> **WHAT TO DO**: Could you write out the listing below exactly as it stands, leaving out the pictures?

> **SUPPLIED MATERIAL**:
====

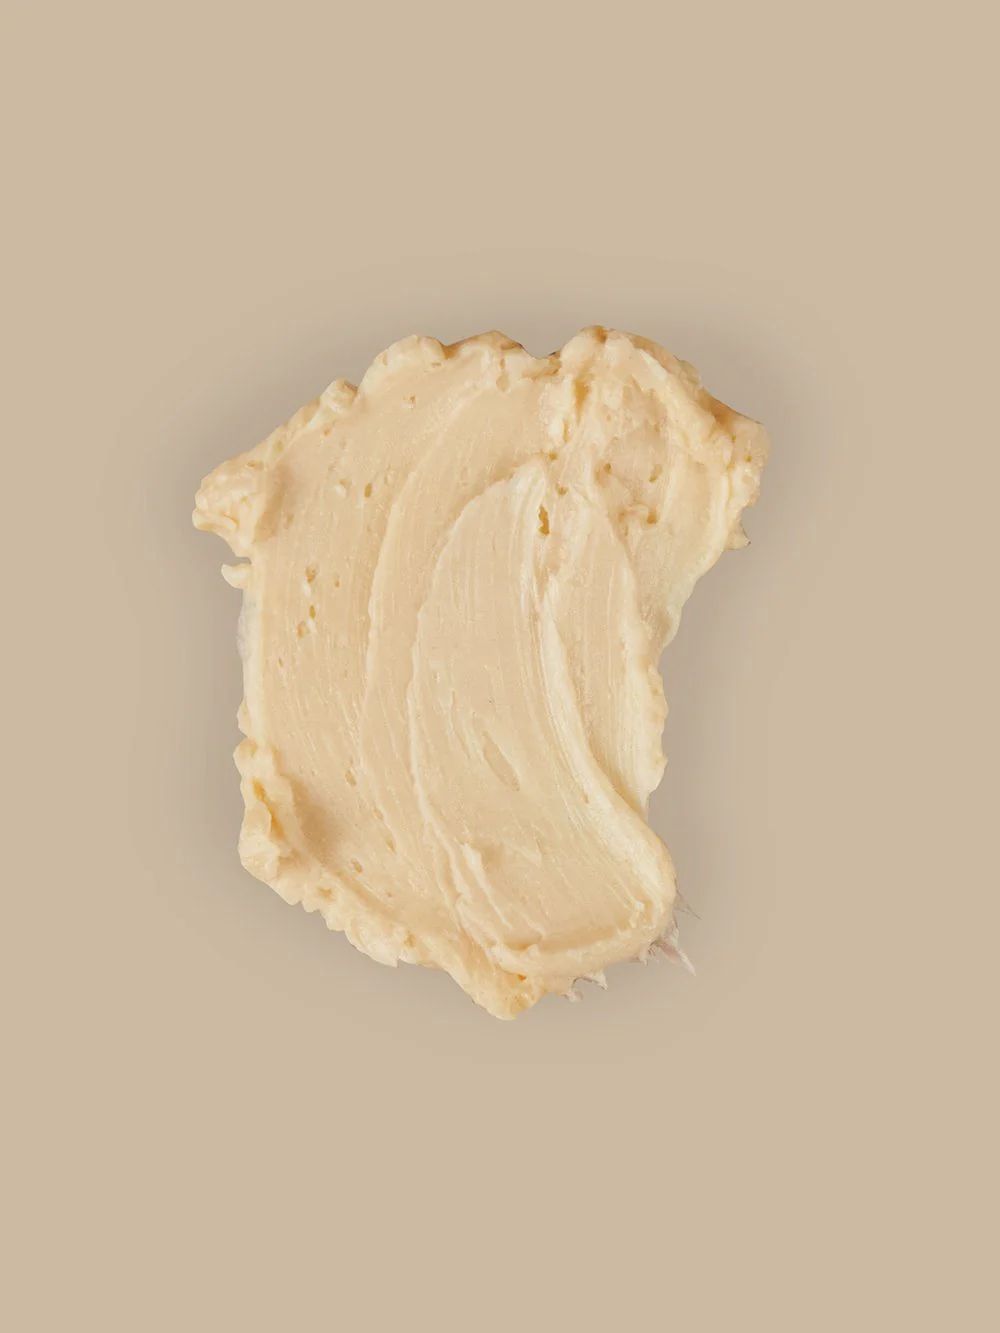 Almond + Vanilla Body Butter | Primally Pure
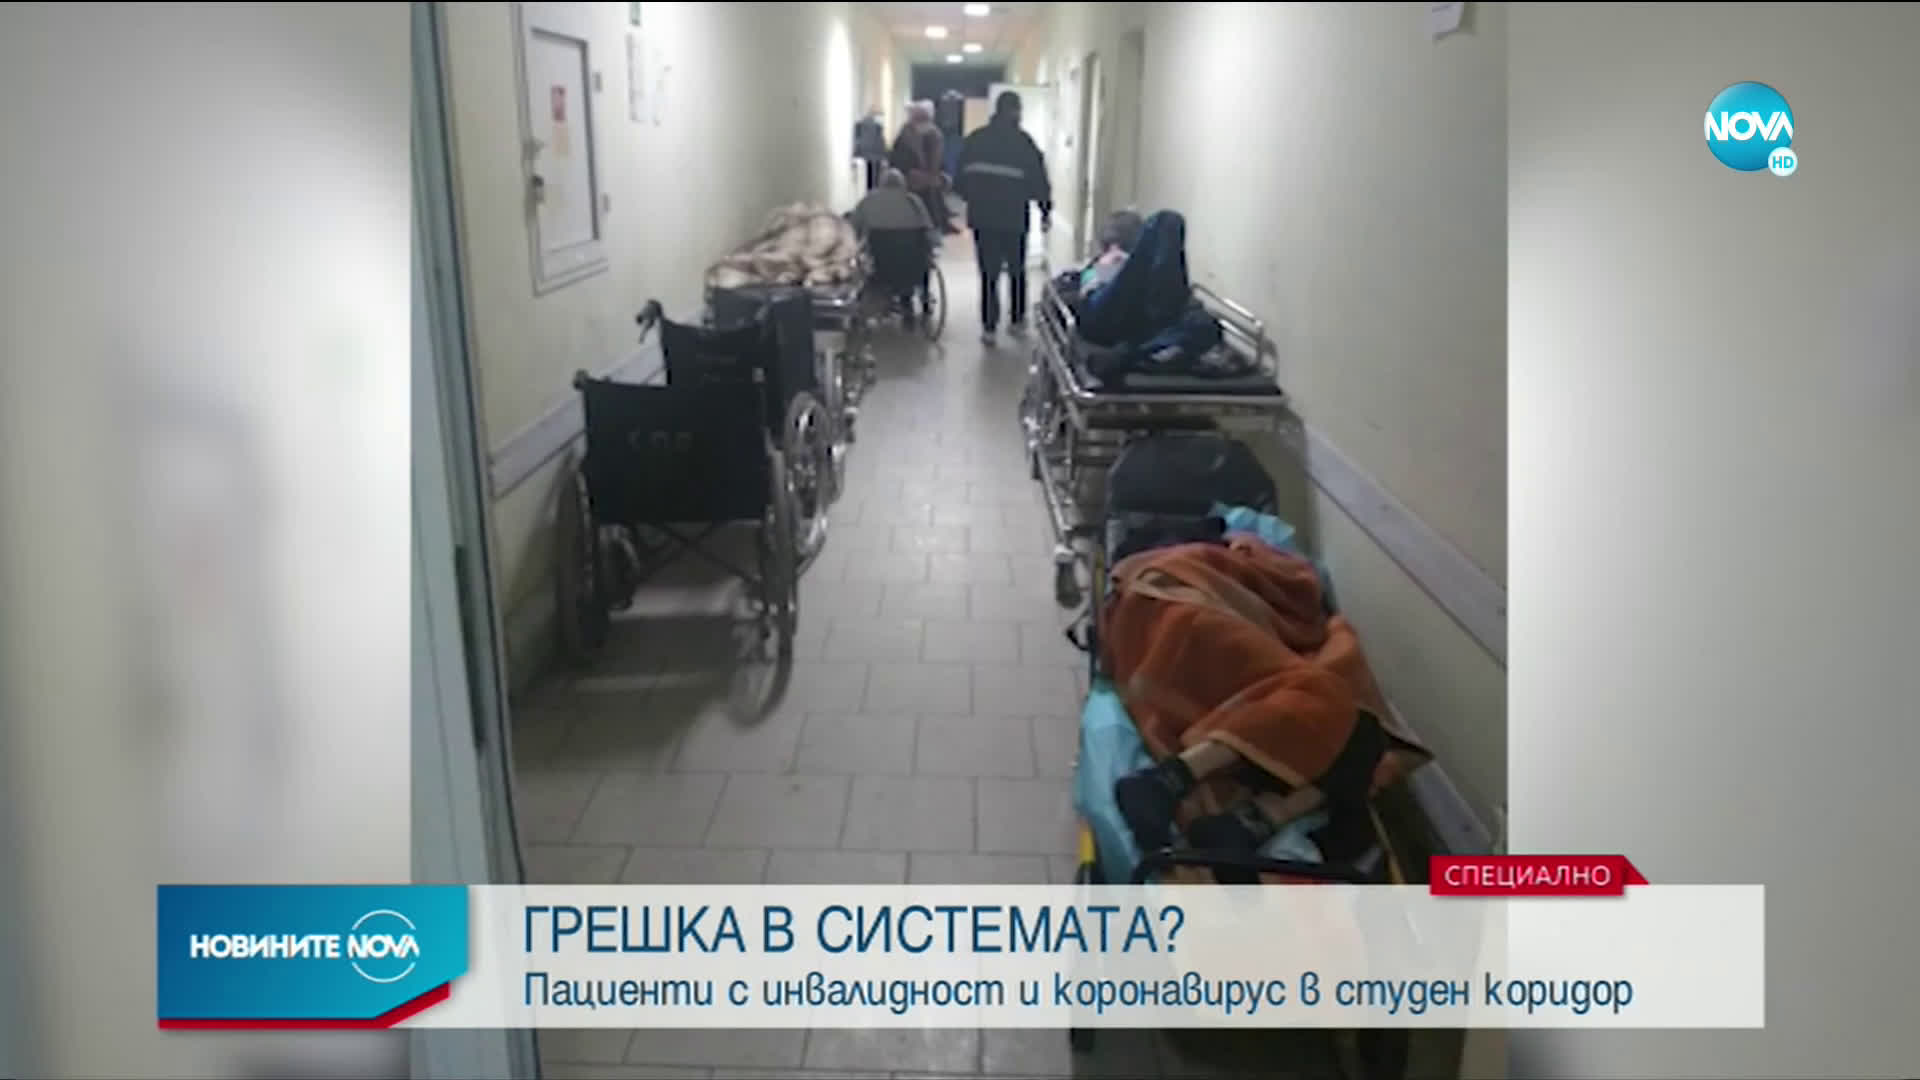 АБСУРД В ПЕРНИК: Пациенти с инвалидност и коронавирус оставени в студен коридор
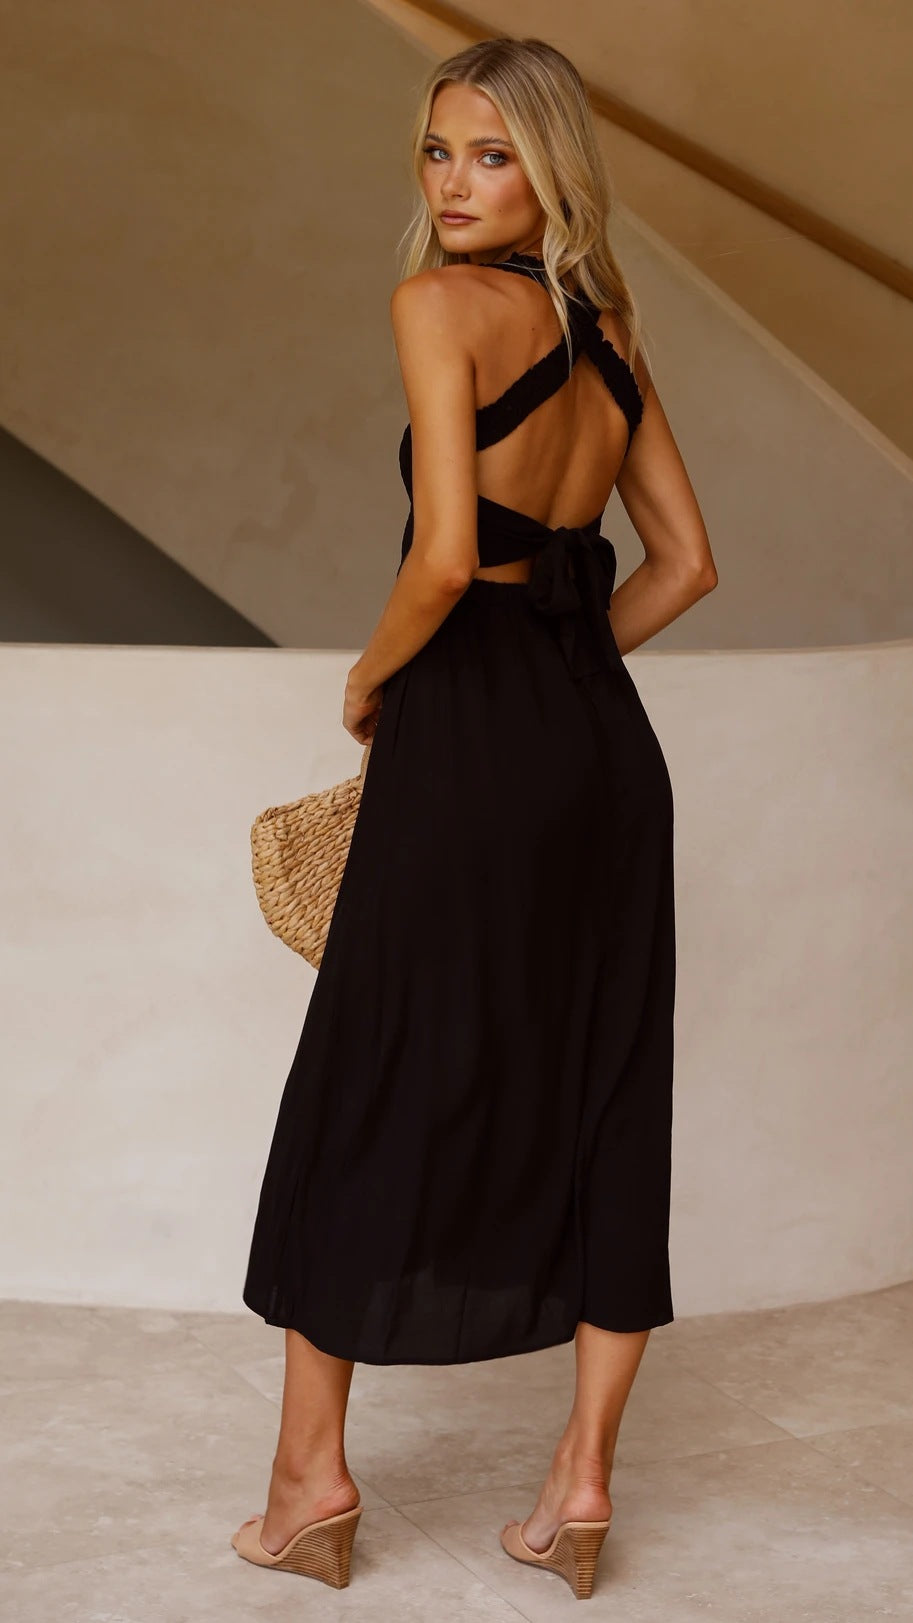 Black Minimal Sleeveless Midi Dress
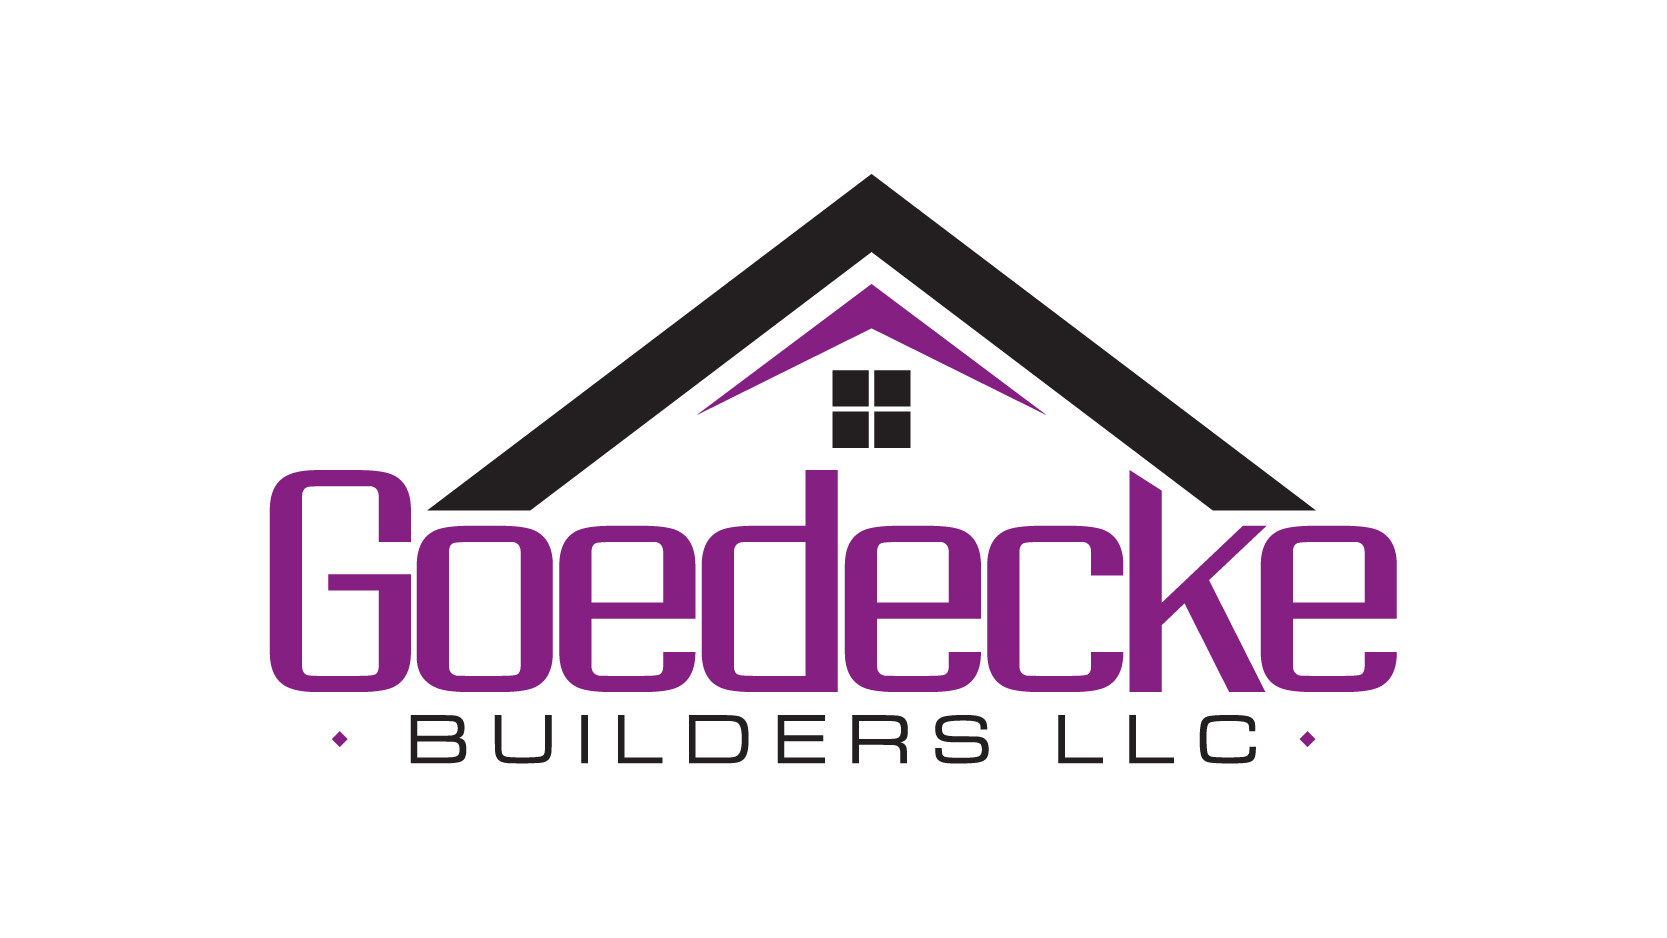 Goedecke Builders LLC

====

> **FINISHED EXERCISE**:
 Almond + Vanilla Body Butter | Primally Pure
 АБСУРД В ПЕРНИК: Пациенти с инвалидност и коронавирус оставени в студен коридор
 Black Minimal Sleeveless Midi Dress
 Goedecke Builders LLC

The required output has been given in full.